Abstract
De gegeneraliseerde angststoornis is, vanuit cognitief-theoretisch standpunt, een prototypische angststoornis. Bij uitstek bij deze stoornis zien we twee kernelementen van de cognitieve theorie van angststoornissen terug: de geneigdheid gevaren te overschatten, en de geneigdheid om de eigen vermogens om problemen effectief het hoofd te kunnen bieden te onderschatten.

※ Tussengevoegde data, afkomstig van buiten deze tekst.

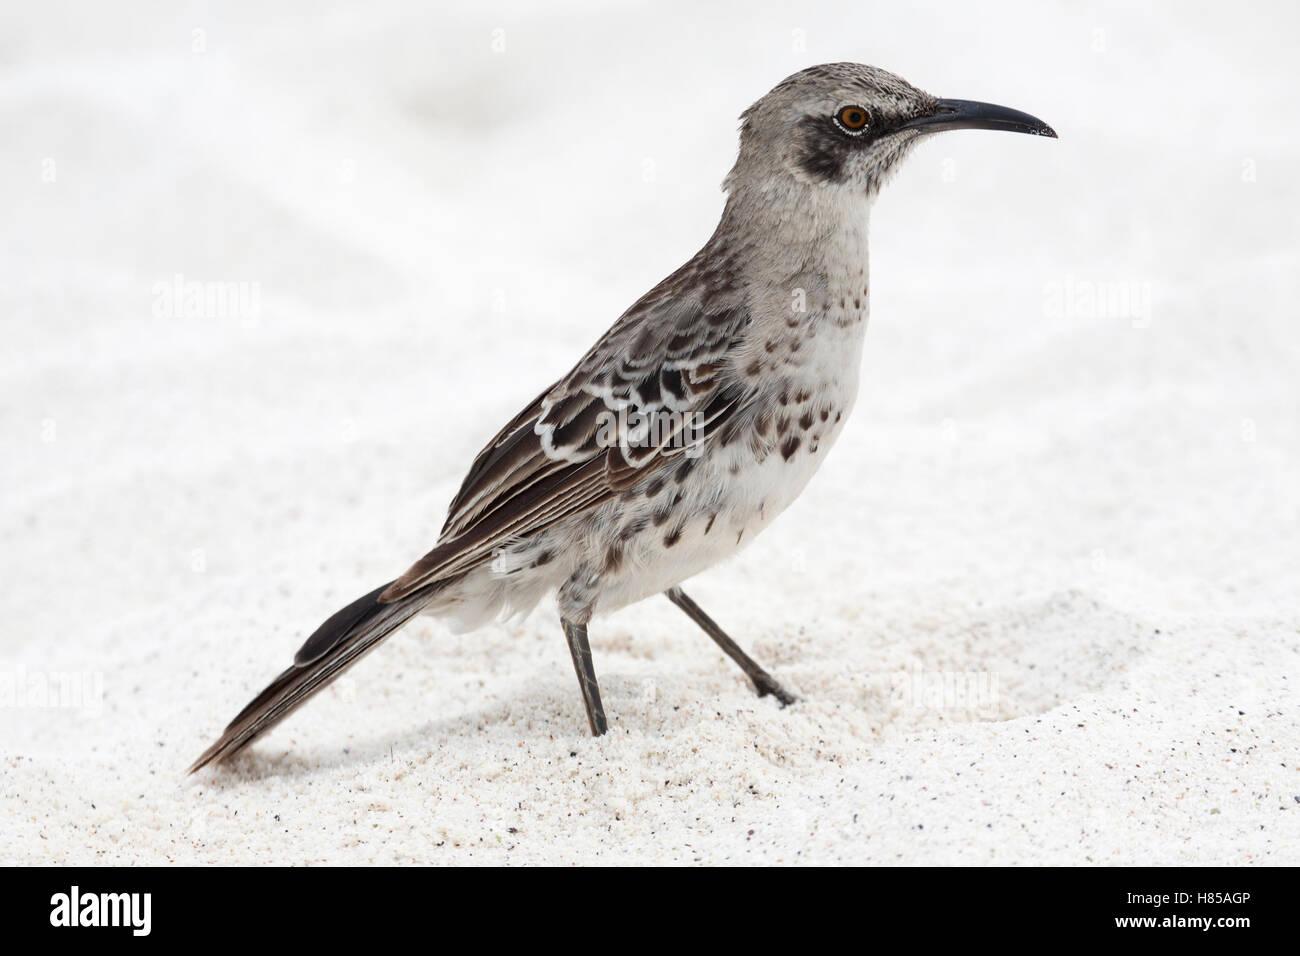 Espanola Mockingbird (Mimus macdonaldi), également connu sous le nom de Hood Mockingbird, sur la plage de Galapagos Banque D'Images

Het feit dat deze stoornis niet een duidelijk omschreven object van angst heeft dat voor alle patiënten geldt, maakte aanvankelijk dat de cognitieve behandeling van de gegeneraliseerde angststoornis een nogal algemeen karakter had. Daarmee werd de cognitieve therapie voor gegeneraliseerde angst als het grondmodel van cognitieve therapie voor andere angststoornissen gezien. De laatste twee decennia is er echter toegenomen belangstelling voor factoren die wel specifiek voor de gegeneraliseerde angststoornis lijken: het zorgen maken en de intolerantie voor onzekerheid.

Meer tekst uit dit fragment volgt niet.